I came of age in the peak of the witchey-teen-girl era.
It was post-Satanic panic (I was born in ‘91) and ouija boards were an absolute necessity at sleepovers. So were tarot cards and fortune tellers we made out of pages torn from magazines. I knew one girl1 who claimed she was a Wiccan; we acted in a few children’s theater plays together. She wore a lot of eye liner. She would teach us “spells” backstage and claimed the right mixture of sodas was actually a magic potion that would make boys fall madly in love with us. She drew magical signs on her arms with sharpie before the stage manager angrily made her scrub it off. I thought she was the coolest person I’d ever met.
This was, to the dismay of many puritans, not because of Harry Potter but because we were seeking small forms of power in a world where 11-year-old girls have very little. Looking back, it’s kind of funny how ridiculous we were being. But it’s also not funny at all. Catholics get a weird rap for praying in front of femurs and having licensed exorcists and celebrating the seasons and sprinkling holy water around our houses but we do not mess with the actual Occult. The line between the two (spirituality and Occult) can feel thin, but it’s actually firm.
I’ve been struck lately by how superstitious some of us (it’s me; hi, I’m the problem it’s me) can become about prayer if we’re not careful.
There was a time in my life where I believed novenas could solve anything in the world. Novenas, if you’re unfamiliar, are (usually) 9- or 54-day prayer recitations for specific purposes. For instance, there’s the St. Anne novena, which is a specific prayer for finding a spouse. There’s the St. Andrew novena, a set of prayers leading up to Christmas that you say fifteen times a day. There’s the Undoer of Knots novena, which you’re supposed to bring your most difficult problems to.
I loved a novena. My love for the saints has always been one of the strongest parts of my Catholicism, and I picture myself as that little kid just going “Mom? Mom? Mom?”

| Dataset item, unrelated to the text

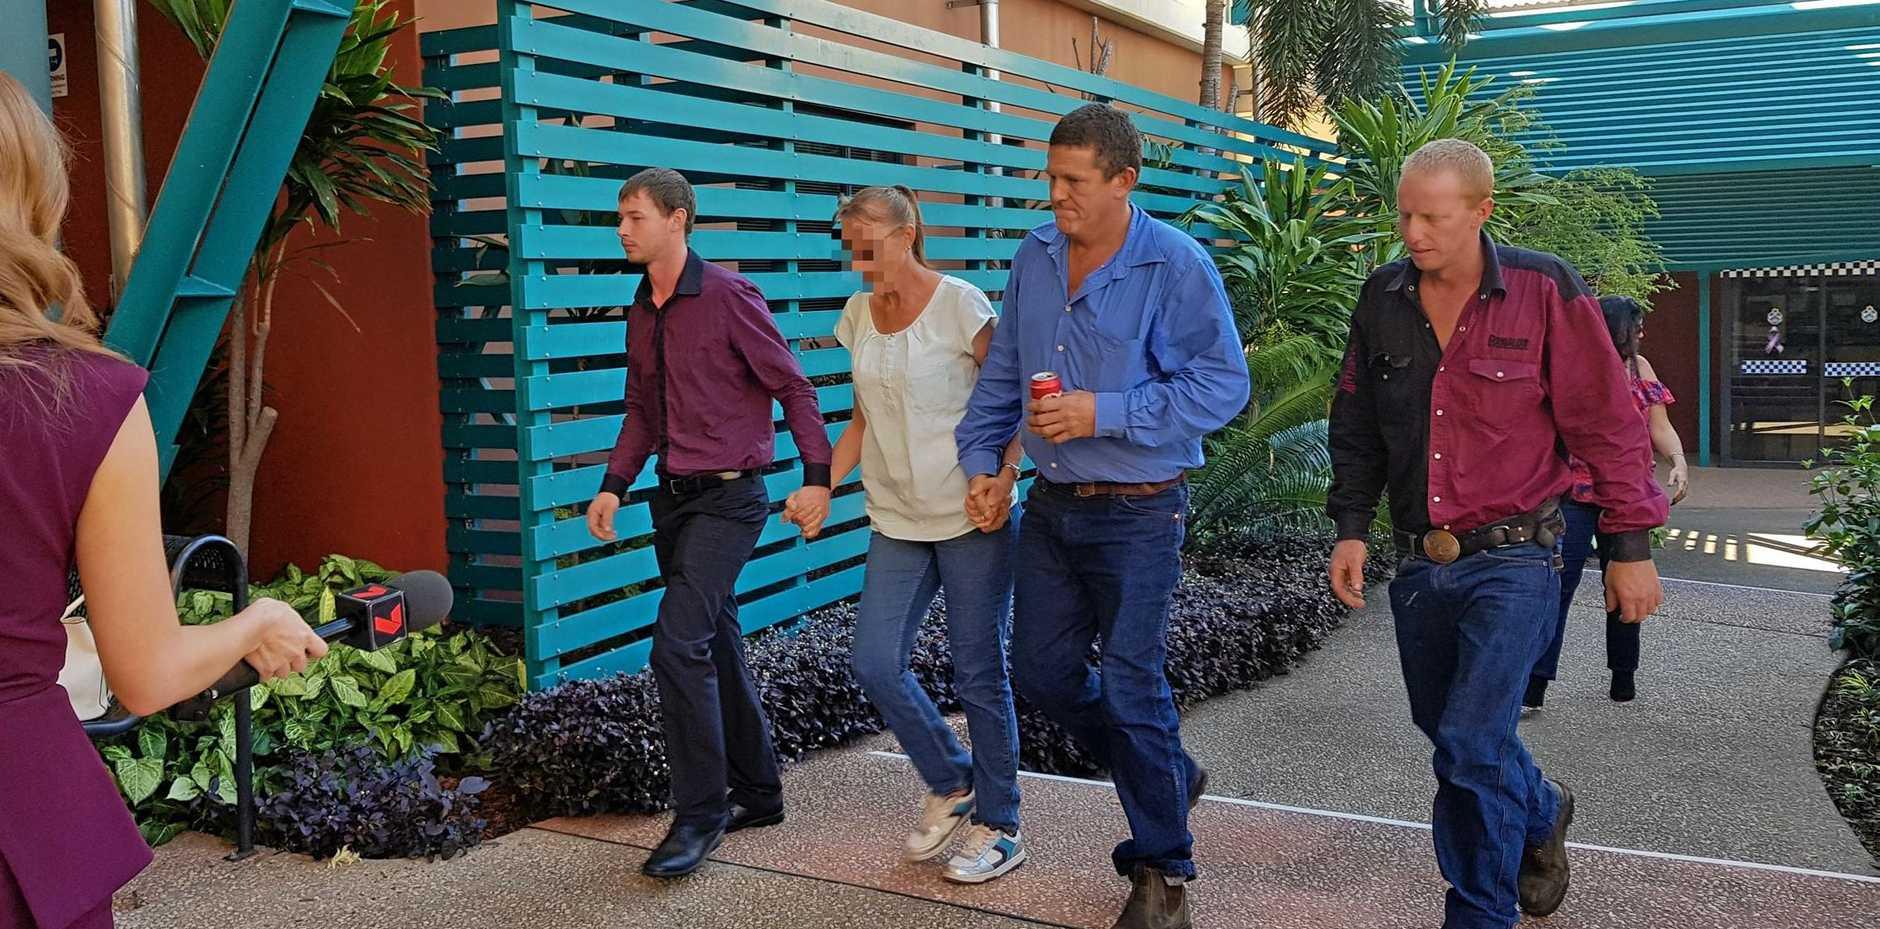 SENTENCED: (L-R) Matthew Douglas, Kenneth Douglas and Jesse Douglas enter Gladstone Court House before being sentenced.

However, this past year, I was asked to do a novena for an intention for a friend. This is a very good, holy friend who is much closer to sainthood than I. I agreed, but every time I would sit down to do the prayer, I felt this weird curdling in my stomach. Are we, like, attempting an incantation? I kinda-sorta wondered. It felt like I was being told to say these specific words, in this specific order, and I would get this specific outcome. Like it was a cheat code to achieving the “best” possible outcome. Almost like the shooka-shooka-shooka magic we would whisper backstage, hoping the cool Wiccan girl would be our friend.